_Input data_:

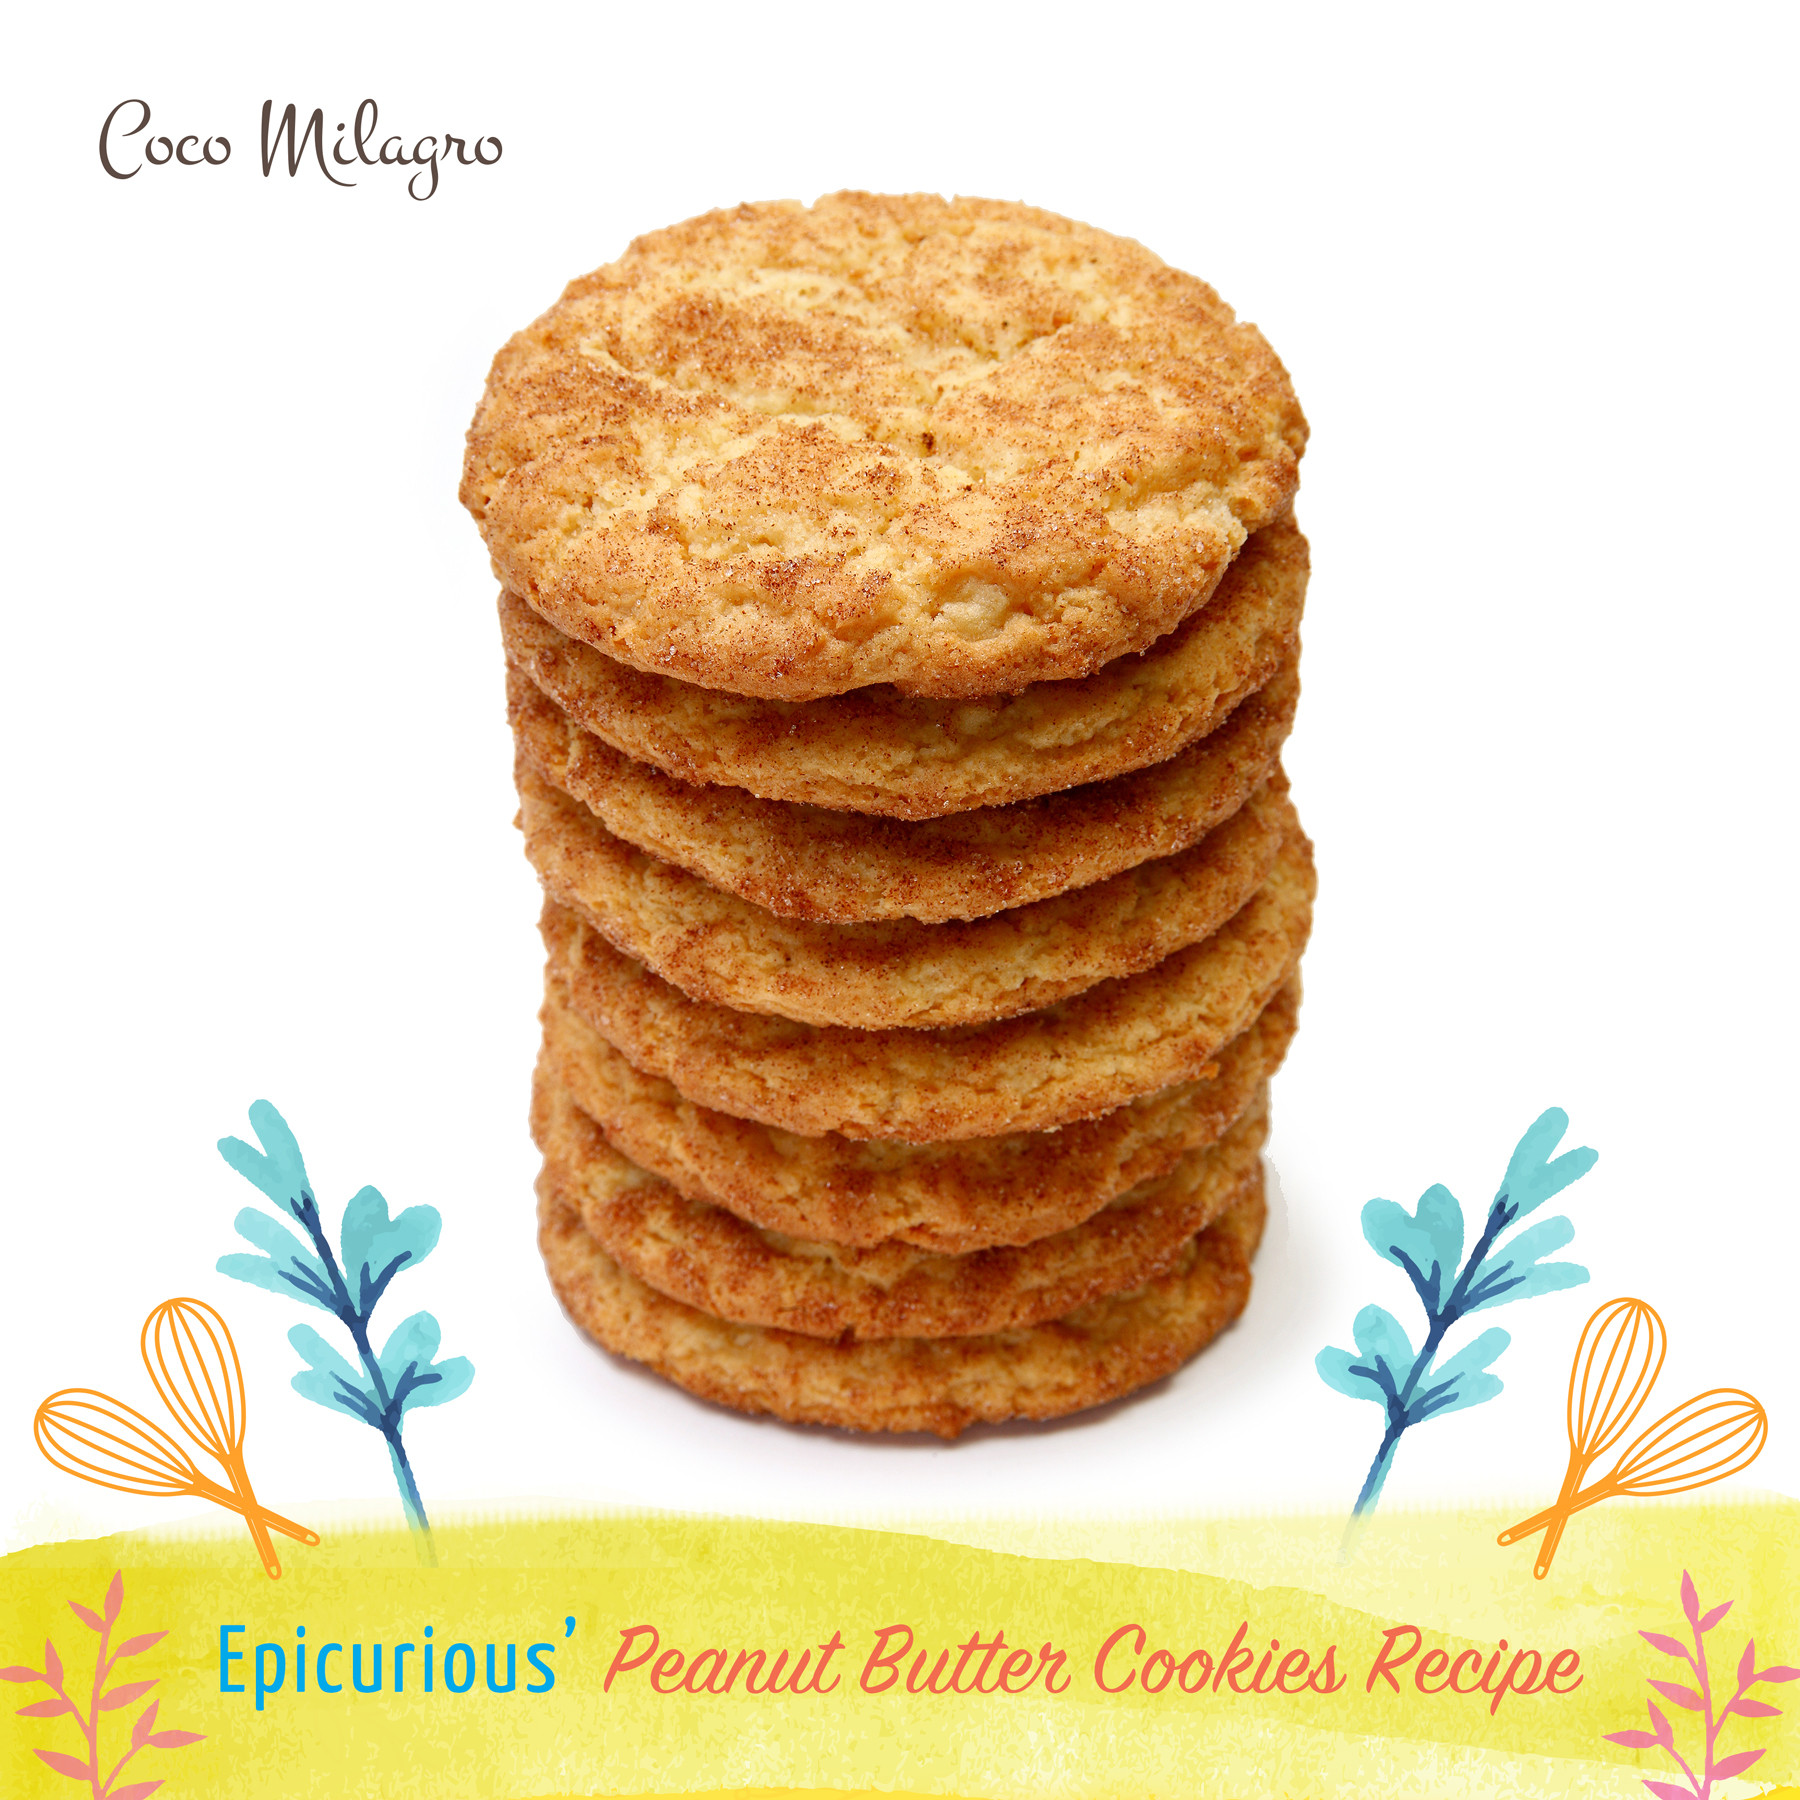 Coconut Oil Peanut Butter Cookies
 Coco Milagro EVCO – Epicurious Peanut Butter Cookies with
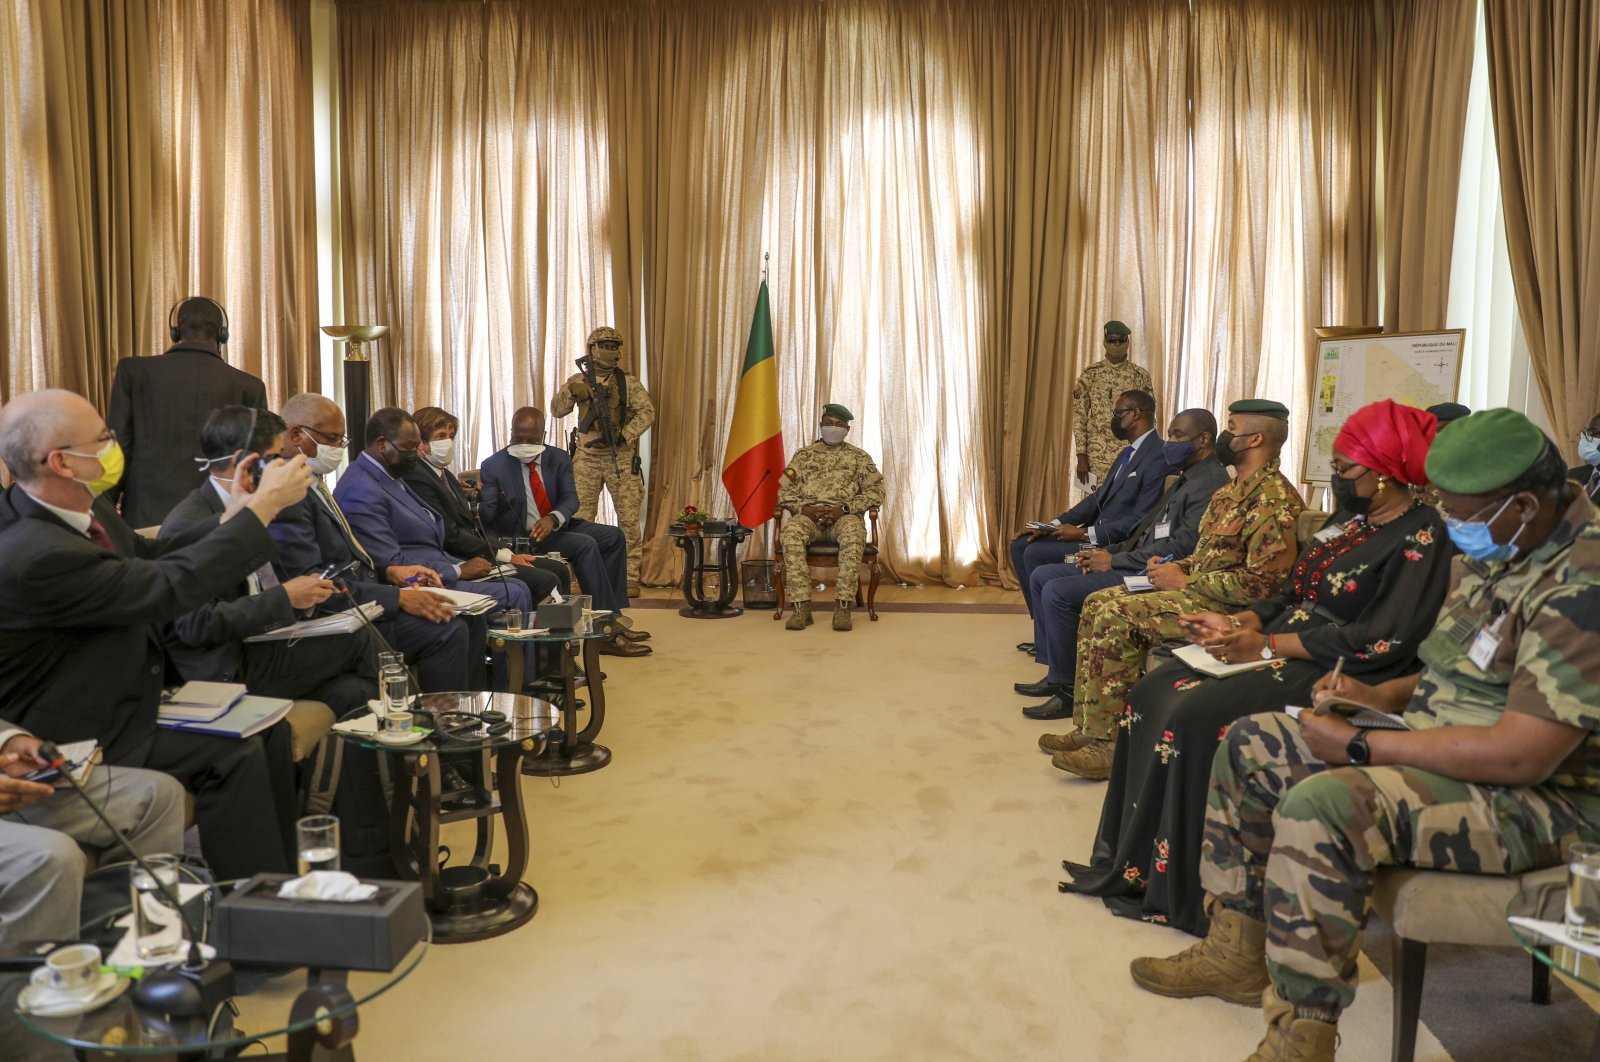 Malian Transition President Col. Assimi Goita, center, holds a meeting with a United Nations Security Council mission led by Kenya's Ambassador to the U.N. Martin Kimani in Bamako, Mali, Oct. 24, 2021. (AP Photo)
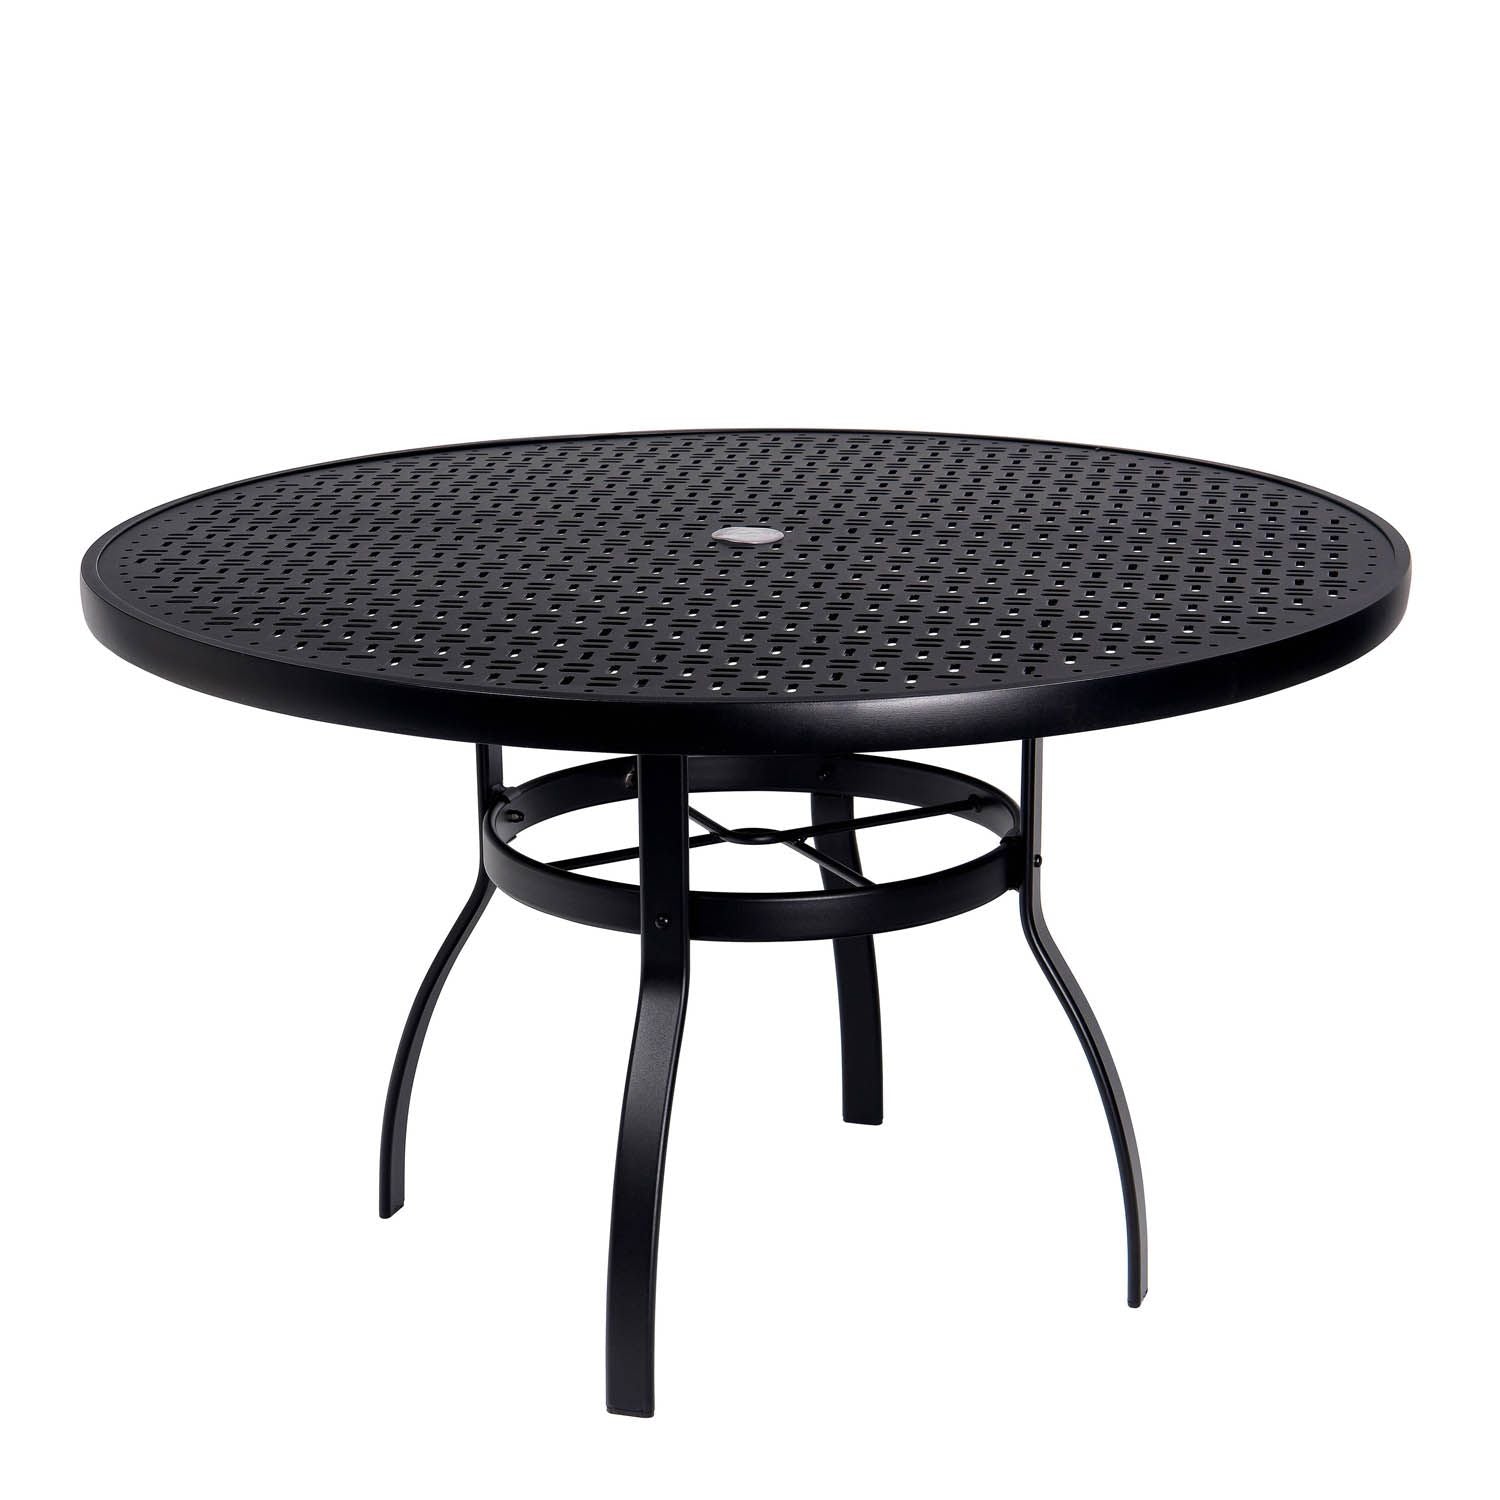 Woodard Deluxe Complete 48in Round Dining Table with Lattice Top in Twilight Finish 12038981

_Task_:
Nothing but the lines from the beginning of the material above through the line containing "Malian Transition President" should appear in the answer, copied exactly and free of pictures.

_Finished exercise_:
 Coconut Oil Peanut Butter Cookies
 Coco Milagro EVCO – Epicurious Peanut Butter Cookies with
 Malian Transition President Col. Assimi Goita, center, holds a meeting with a United Nations Security Council mission led by Kenya's Ambassador to the U.N. Martin Kimani in Bamako, Mali, Oct. 24, 2021. (AP Photo)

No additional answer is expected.